AUGUST CHALLENGE DAY 16
For the Silly Season I've set myself the challenge of visiting a different art exhibition on every day of the month and blogging about it.
Sunday August 16
Exhibition: Fausto Pirandello
Place: The Estorick Collection
The children of the famous rarely achieve equivalent success in a different sphere to that of their parent. Fausto Pirandello, son of Italy’s most celebrated playwright, did. He may not have been very well known internationally but in Italy he was regarded as one of their top 20th century painters. This exhibition is a rare chance for London to see why.
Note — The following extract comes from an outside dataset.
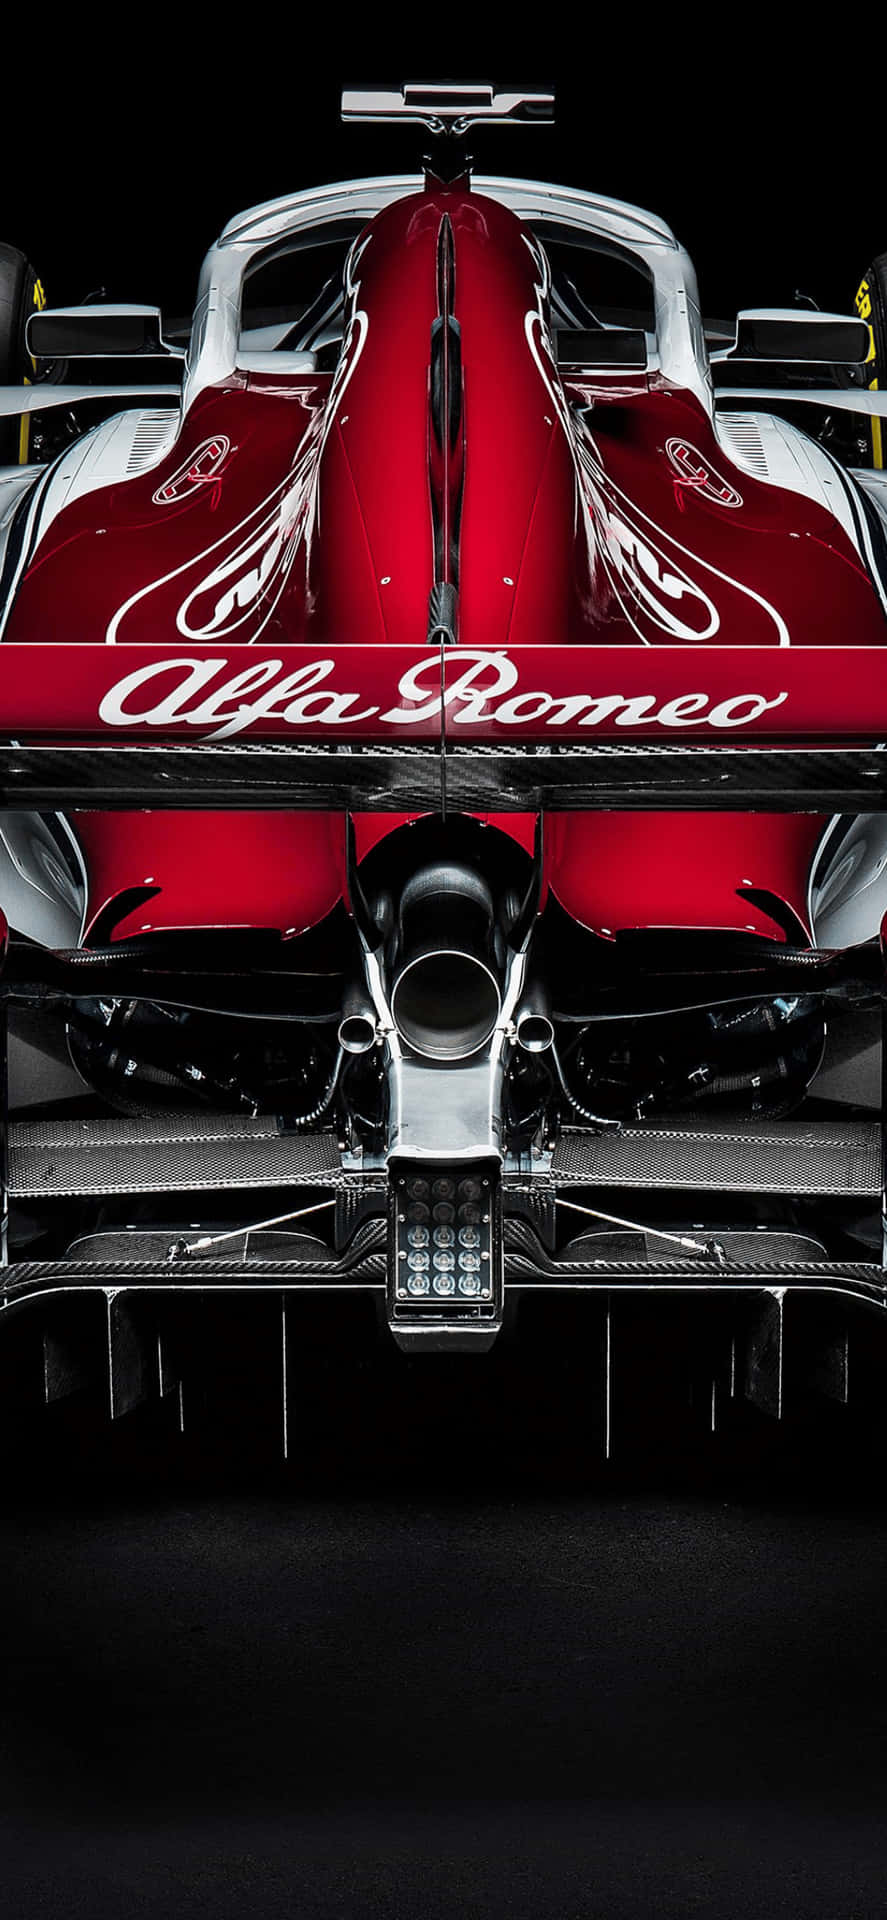 Sfondoalfa Romeo Per Iphone Xs F1 2018

Antonio (the artist's son) 1944
It’s a concise survey of a long working life, from the 1920s to the 1960s. Pirandello’s early paintings show his indifference to the stand-out Italian art movements of his time – he owed nothing to the futurists, and little to de Chirico, though he knew him and claimed him as an inspiration. A residence in Paris in the late 1920s brought Pirandello into contact with cubism and surrealism, and these marked his work but only to a limited extent. Back in Rome he associated with other artists of his own generation, who formed a loose Roman school. But for the most part Pirandello went his own way.
Nude 1928
He was born in Sicily and I wonder if this is a clue to the general earthiness of many of these paintings. In his female nude studies of the 1920s and 1930s flesh has the colour of red earth, and the body is seen without illusion or idealization. The catalogue claims him as a precursor of Lucien Freud’s vulgarised flesh, but I see these nudes as reflecting the peasant life of Sicily in that period, with its sexual energy and mythological associations. I remember D. H. Lawrence expanding on this in his book Sea and Sardinia.
Composition1928
Many of Pirandello’s work carry obscure meanings, as if drawing on his unconscious as well as his conscious mind. There are disappearing limbs, items out of time, errant details.
Reversed figure 1953
Pirandello’s post-war painting is brighter. He continued to paint the nude, often in groups of bathers, presumably following Cezanne and Picasso. But Pirandello was really his own man and I hugely enjoyed the energy and quirkiness of his paintings.